AIM OF THE TASK » In the listing below, find each line that holds "people" and list it.

INPUT RECORDS »
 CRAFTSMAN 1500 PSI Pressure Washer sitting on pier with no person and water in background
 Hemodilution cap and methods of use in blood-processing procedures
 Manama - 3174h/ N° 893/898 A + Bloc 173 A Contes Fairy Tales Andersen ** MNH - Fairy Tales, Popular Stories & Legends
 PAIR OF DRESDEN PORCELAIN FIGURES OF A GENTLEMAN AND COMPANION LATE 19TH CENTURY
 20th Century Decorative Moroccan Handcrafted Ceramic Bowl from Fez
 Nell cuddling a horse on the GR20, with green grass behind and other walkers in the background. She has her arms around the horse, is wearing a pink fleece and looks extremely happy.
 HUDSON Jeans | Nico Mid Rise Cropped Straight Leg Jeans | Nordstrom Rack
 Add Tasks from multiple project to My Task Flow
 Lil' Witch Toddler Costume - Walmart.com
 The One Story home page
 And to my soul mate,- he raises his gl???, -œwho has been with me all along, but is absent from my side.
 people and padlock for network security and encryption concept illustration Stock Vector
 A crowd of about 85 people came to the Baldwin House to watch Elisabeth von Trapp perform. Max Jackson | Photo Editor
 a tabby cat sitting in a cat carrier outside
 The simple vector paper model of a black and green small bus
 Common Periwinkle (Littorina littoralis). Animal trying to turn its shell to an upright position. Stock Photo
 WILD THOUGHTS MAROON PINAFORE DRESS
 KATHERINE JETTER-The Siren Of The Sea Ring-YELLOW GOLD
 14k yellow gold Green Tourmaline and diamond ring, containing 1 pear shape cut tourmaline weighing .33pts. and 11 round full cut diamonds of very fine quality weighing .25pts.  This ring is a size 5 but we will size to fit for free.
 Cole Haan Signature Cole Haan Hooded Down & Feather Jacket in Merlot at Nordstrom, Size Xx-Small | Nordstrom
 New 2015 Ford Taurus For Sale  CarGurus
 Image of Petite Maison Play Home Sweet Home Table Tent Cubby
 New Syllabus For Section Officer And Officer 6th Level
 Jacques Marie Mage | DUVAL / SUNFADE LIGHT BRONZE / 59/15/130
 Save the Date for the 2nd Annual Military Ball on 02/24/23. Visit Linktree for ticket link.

WRITTEN ANSWER »
 people and padlock for network security and encryption concept illustration Stock Vector
 A crowd of about 85 people came to the Baldwin House to watch Elisabeth von Trapp perform. Max Jackson | Photo Editor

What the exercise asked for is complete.